Our current results reconfirm the conclusions of the previously published report [11], even if the lower number of borderline results (particularly those with ES = 3) in the current study precludes a more detailed analysis of the relative hazards of this particular category. On the other hand, in contrast to the ADNI cohort, which has only three AD biomarkers available, in the current study we were able to evaluate the ES based on its original four-biomarker algorithm (i.e., including the Aβ42/40 ratio in addition to Aβ1–42, Tau, and pTau181). We believe that this is the reason for somehow higher hazard ratios in this study, particularly in the neurochemically probable AD category, which could be interpreted as a more clear separation of the categories achieved due to inclusion of the Aβ42/40 ratio, a biomarker well known to improve the accuracy of the AD diagnostics [12, 37,38,39]. On the other hand, in the current study the confidence intervals of the hazard ratios are broader, obviously as a consequence of the smaller number of the cases. Taken together, the same conclusions are obtained in both studies (US-ADNI and the current one) in spite of the fact that they have different settings (multicenter versus monocenter), they apply entirely different sample collection and handling protocols, they measure biomarkers with two different analytical methods (multiplexing and ELISA, respectively), and of course they use completely different sets of cutoff values.
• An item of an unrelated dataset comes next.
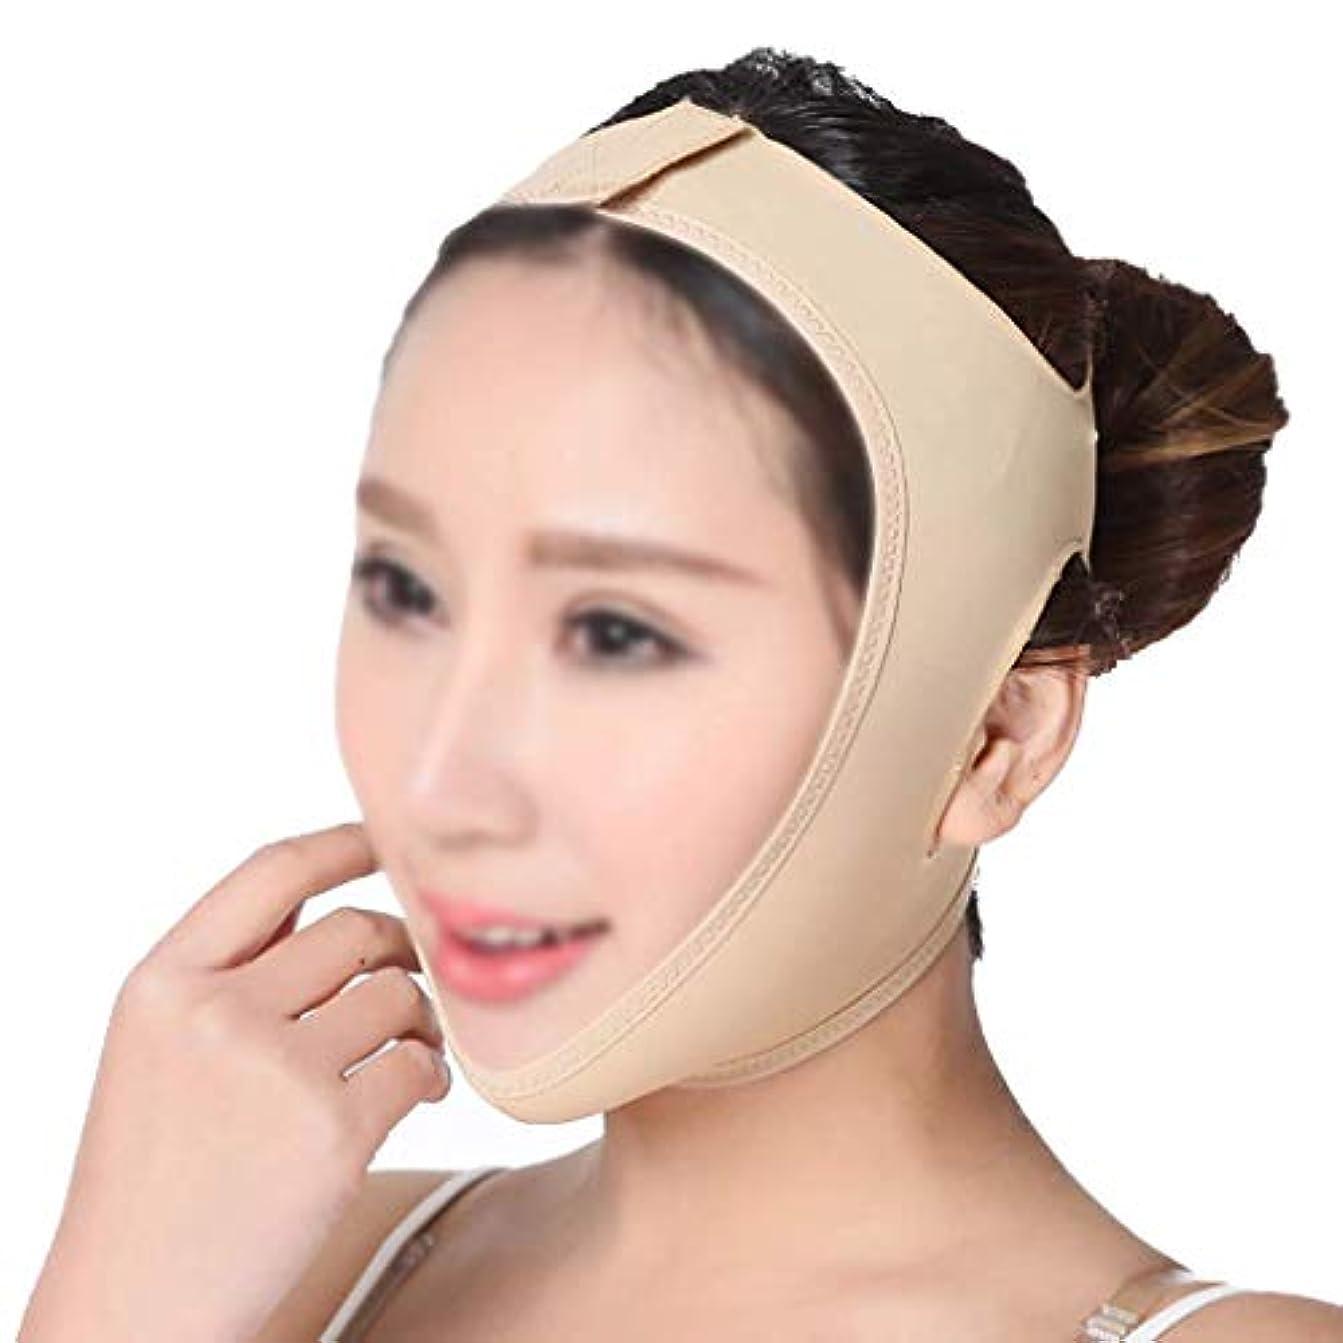 下線の間で誇張するフェイスリフティングマスク、リフティングチン、フェイシャルスキン、頬垂れ防止、快適で 生地、詰まることを拒否、着用が簡単(サイズ:M),Xl

This study is not without limitations, and perhaps the most serious is the low number of subjects with borderline biomarker concentrations, decreasing the sizes of the categories with ES = 1 or ES = 3. On the other hand, however, by definition the number of the borderline results should be low compared to the clear-cut results (ER = 0 or 2 or 4). Also, as seen in the tabulated part of Fig. 1, there is natural dropout of patients during the observation time, which limits the power of the conclusions that can be drawn beyond 5 years. Further, it is not the scope of this study to modify the current version of the Erlangen Score algorithm in such a way that it would apply different scoring weights to the biomarkers considered; for example, we are currently working on such a modification that would take into consideration that phosphorylated Tau seems to be a more specific AD biomarker than total Tau and that Aβ42/40 is obviously more accurate AD biomarker than Aβ1-42.

Conclusions

Our results reconfirm and extend the conclusions of the previously published report that the Erlangen Score is a useful tool facilitating interpretation of a complex pattern of the CSF AD biomarkers; particularly, the Erlangen Score helps to understand CSF patterns in MCI patients progressing to AD dementia.